🤖 AI Summary
This work addresses the inefficiencies in existing optical interconnect scheduling methods for Mixture-of-Experts (MoE) models, which optimize communication in isolation and neglect coordination with subsequent expert computation, leading to scheduling bubbles and suboptimal performance. To tackle the all-to-all communication scheduling challenge, the paper proposes a novel strategy that jointly considers communication-computation overlap and batch size, deliberately avoiding traditional Birkhoff-von Neumann (BvN) decomposition to prevent execution fragmentation. The approach employs a greedy maximum-weight matching algorithm with a constrained number of matchings for circuit scheduling, integrated with an MoE communication model tailored to optical interconnect architectures. This design significantly reduces scheduling bubbles and computational overhead, achieves near-ideal congestion-free communication performance, and substantially enhances overall MoE execution efficiency while maintaining large-batch processing capabilities.
📝 Abstract
The growing demand for efficient communication in distributed training and inference has sparked significant interest in reconfigurable photonic interconnects across both academia and industry. Mixture-of-Experts (MoE) models, with their highly skewed communication patterns, present a natural opportunity for such circuit-switched fabrics. However, existing approaches largely optimize communication in isolation, overlooking the interaction between communication and the expert computation that follows.

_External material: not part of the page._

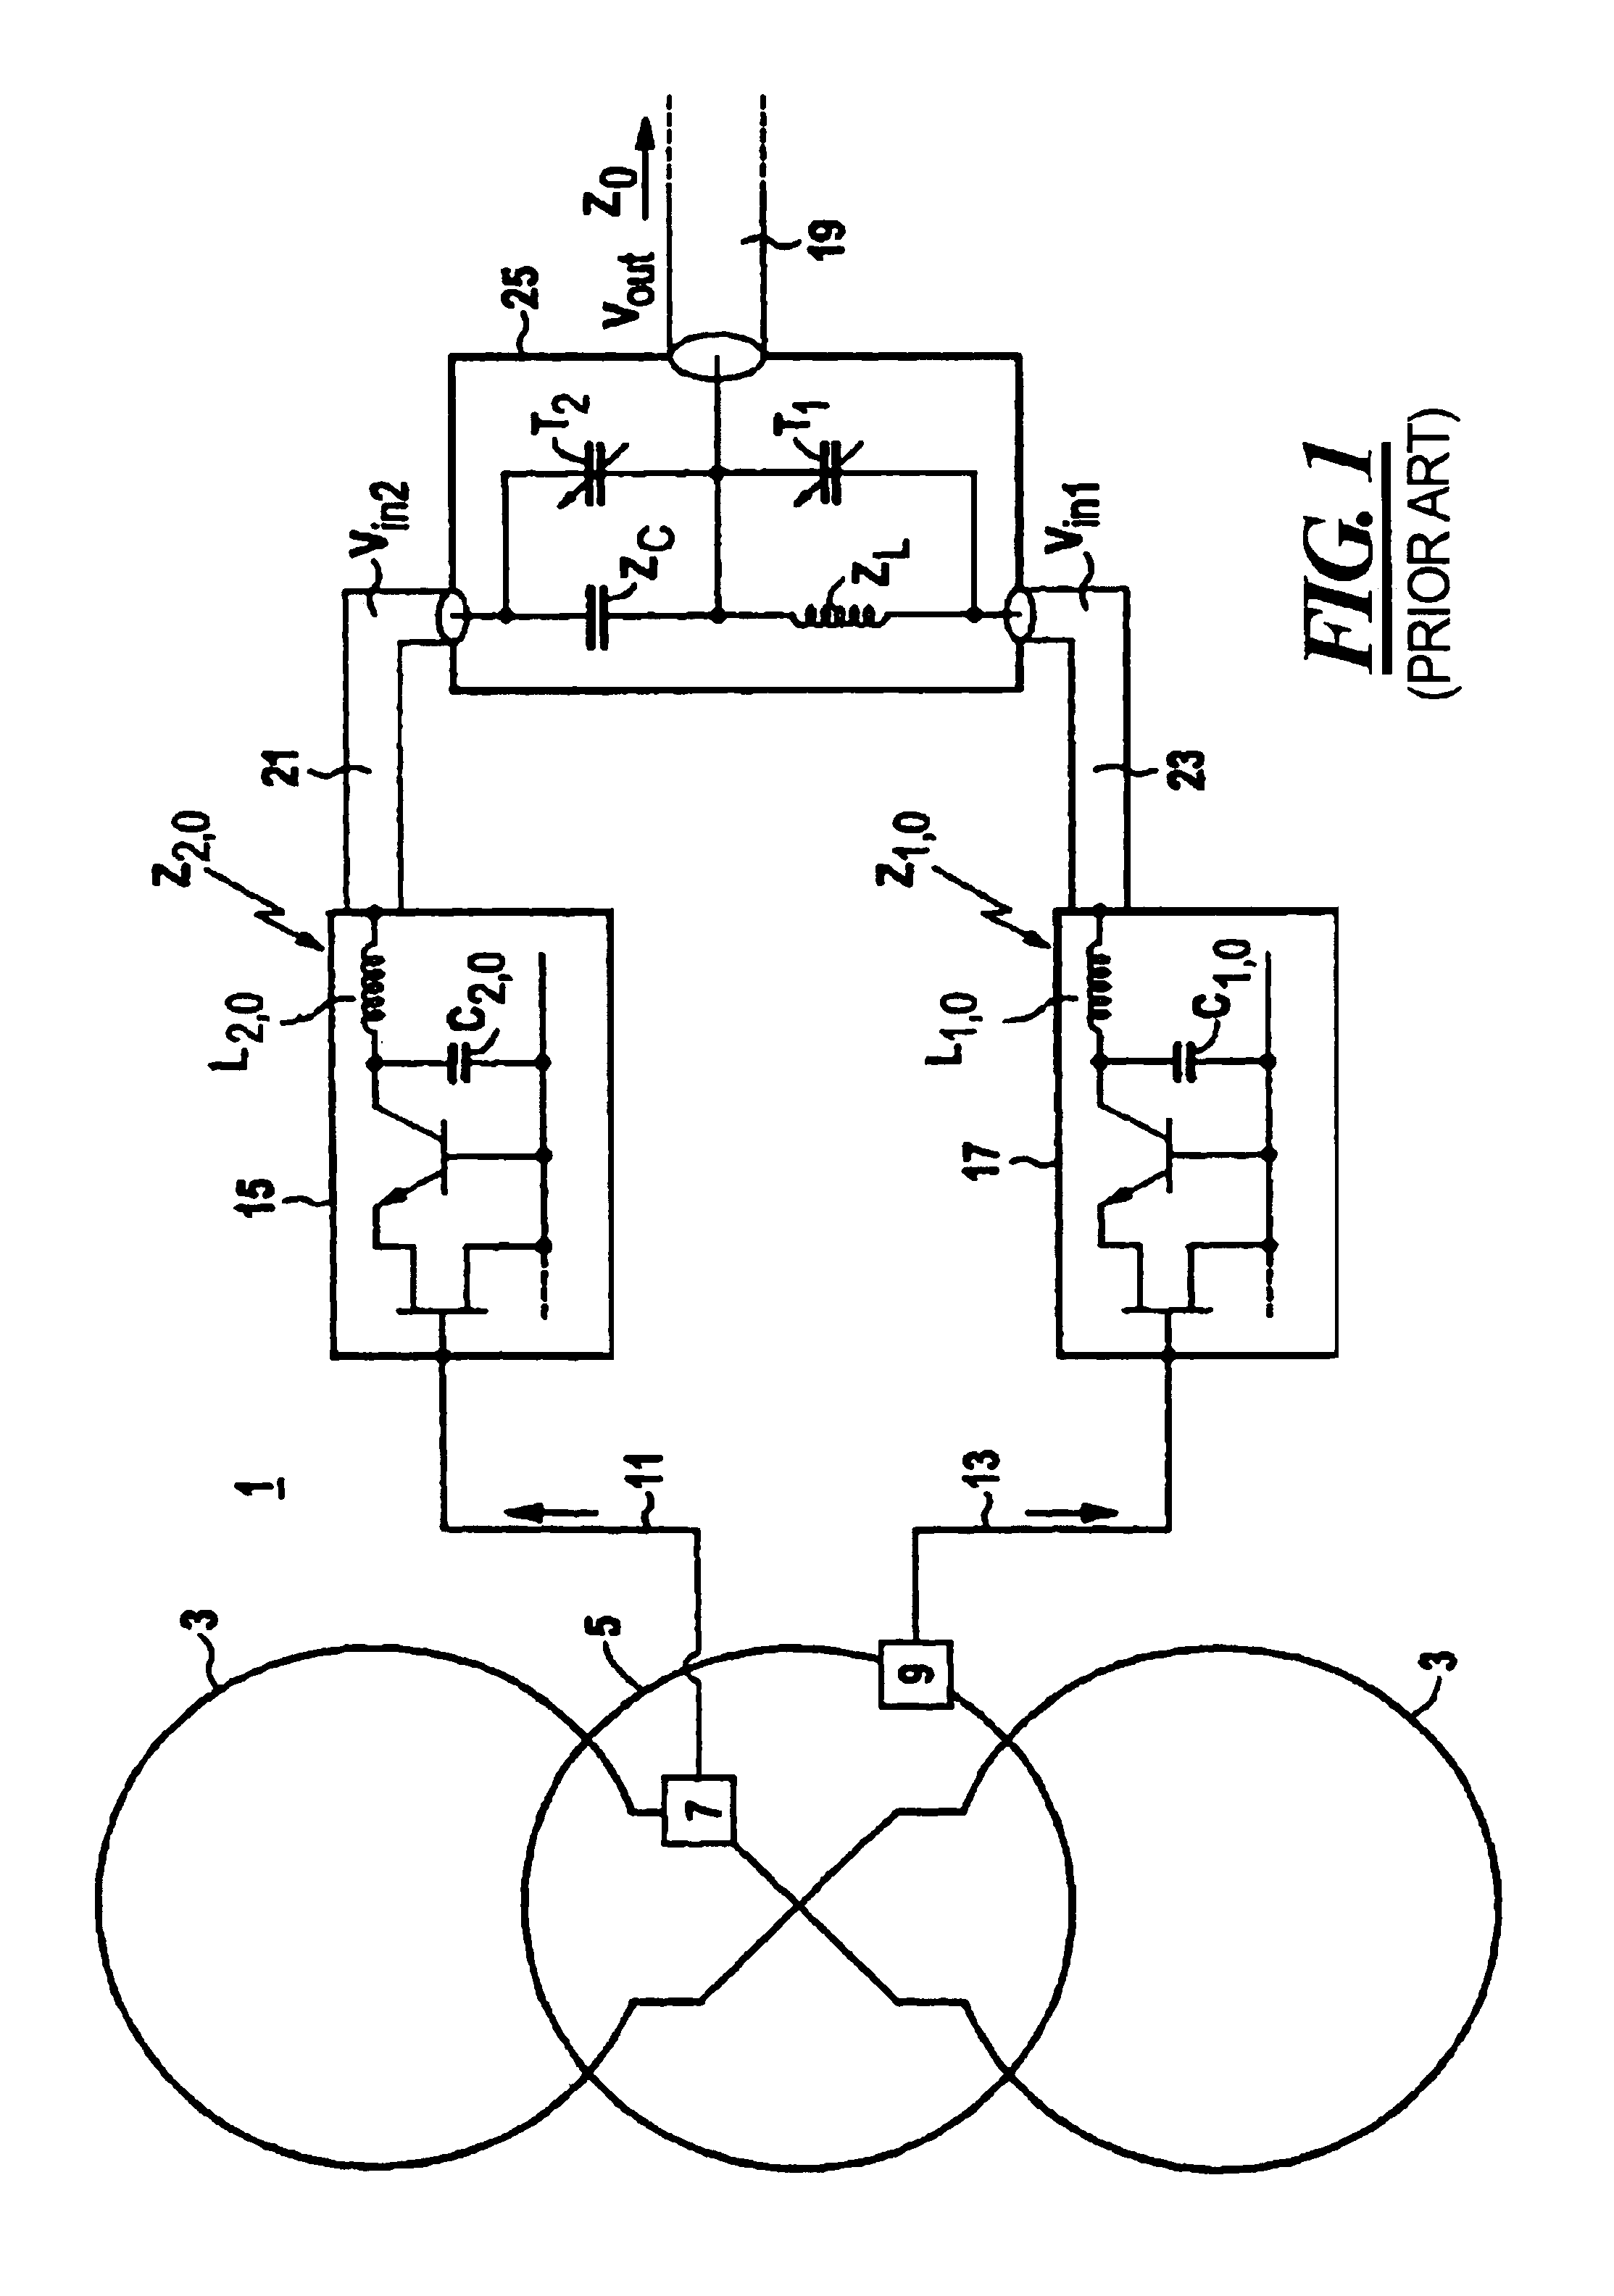 Reception device for a magnetic resonance tomography installation, having a phase shift-compensating amplifier

In this paper, we revisit circuit scheduling for all-to-all communication in MoE execution. We show that the dispatch--compute--combine structure fundamentally challenges classical scheduling techniques such as Birkhoff--von Neumann (BvN) decomposition. First, MoE communication matrices are rarely doubly stochastic, introducing significant scheduling bubbles in BvN-based schedules. Second, while decomposition enables communication--compute overlap, the excessive number of matchings produced by BvN fragments execution into small batches, leading to severe compute inefficiencies due to fixed execution overheads. Motivated by these observations, we explore a simple greedy max-weight decomposition strategy that bounds the number of matchings while preserving large batch sizes per matching. Despite its simplicity, the approach significantly improves overlap efficiency, reduces compute overheads, and approaches the performance of an ideal congestion-free all-to-all.